In everyday usage, "risk" is essentially synonymous with "danger." For example, we might say that someone walking alone on a poorly lit street after dark has a risk of being mugged.

However, "risk" is also used to quantify a danger. In the most basic form, a risk is a probability. For example, we might say that the risk that a U.S. resident dies from a heart attack is about 25%, meaning that about 25% of all deaths in the U.S. are from heart attacks.

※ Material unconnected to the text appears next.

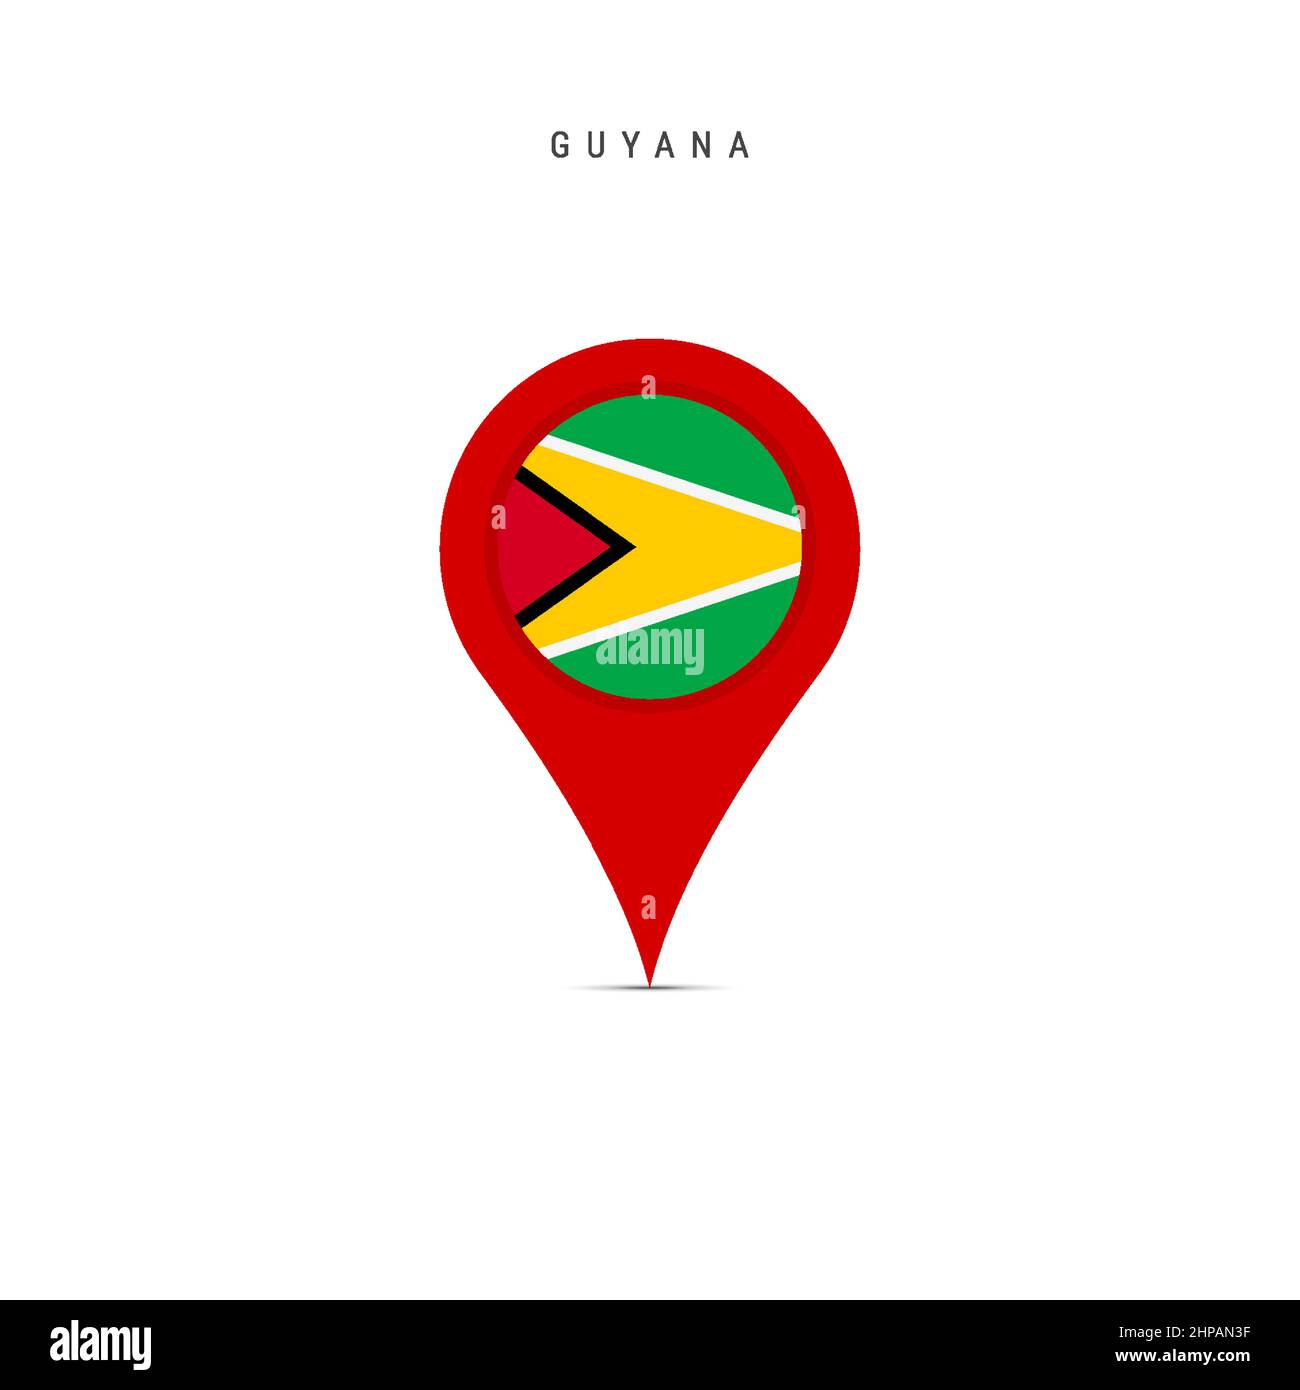 Teardrop-Kartenmarkierung mit Flagge von Guyana. Guyanische Flagge in den Pin der Standortkarte eingefügt. Flache Vektorgrafik isoliert auf weißem Hintergrund. Stock Vektor

Just this usage alone brings up the question of reference category, especially if we phrase the risk as "Your risk of dying of a heart attack is about 25%." The risk may be higher or lower depending on other factors (gender, occupation, age, etc.) in addition to being a U.S. resident.

Another common use of the word risk is in the term
relative risk (also called risk ratio).  This is a method of comparing the risk of one group with the risk of another. One group might be people with a certain condition (or receiving a certain treatment) and the other group people without that condition (or not receiving the treatment). Relative risk is the ratio of the risks for the two groups. This immediately brings  in two possible source of confusion:
  1. What are the two groups?
  2. Which group's risk is in the numerator and which group's risk is in the denominator?

Another source of misunderstanding when relative risks are given is that sometimes only the relative risk is given. We also need to know the "absolute risk" (the risk of at least one of the groups involved) in order to interpret what the relative risk is telling us.
Example: The report on a clinical trial of a new drug might say that the relative risk of a heart attack for people with high cholesterol in a certain age group who take the drug, compared with people in that same age group with high cholesterol who take a placebo instead of the drug, is 75%. (This might also be presented as  a 25% reduction in risk.) This might sound substantial. But whether or not it is depends on the absolute risks. 

Notes:
For a consumer-oriented explanation of  health risks at a fiarly basic level of quantitative literacy, see
 Woloshin, Steven, Schwartz, Lisa, and Welch, H. Gilbert (2008). Know Your Chances, University of California Press.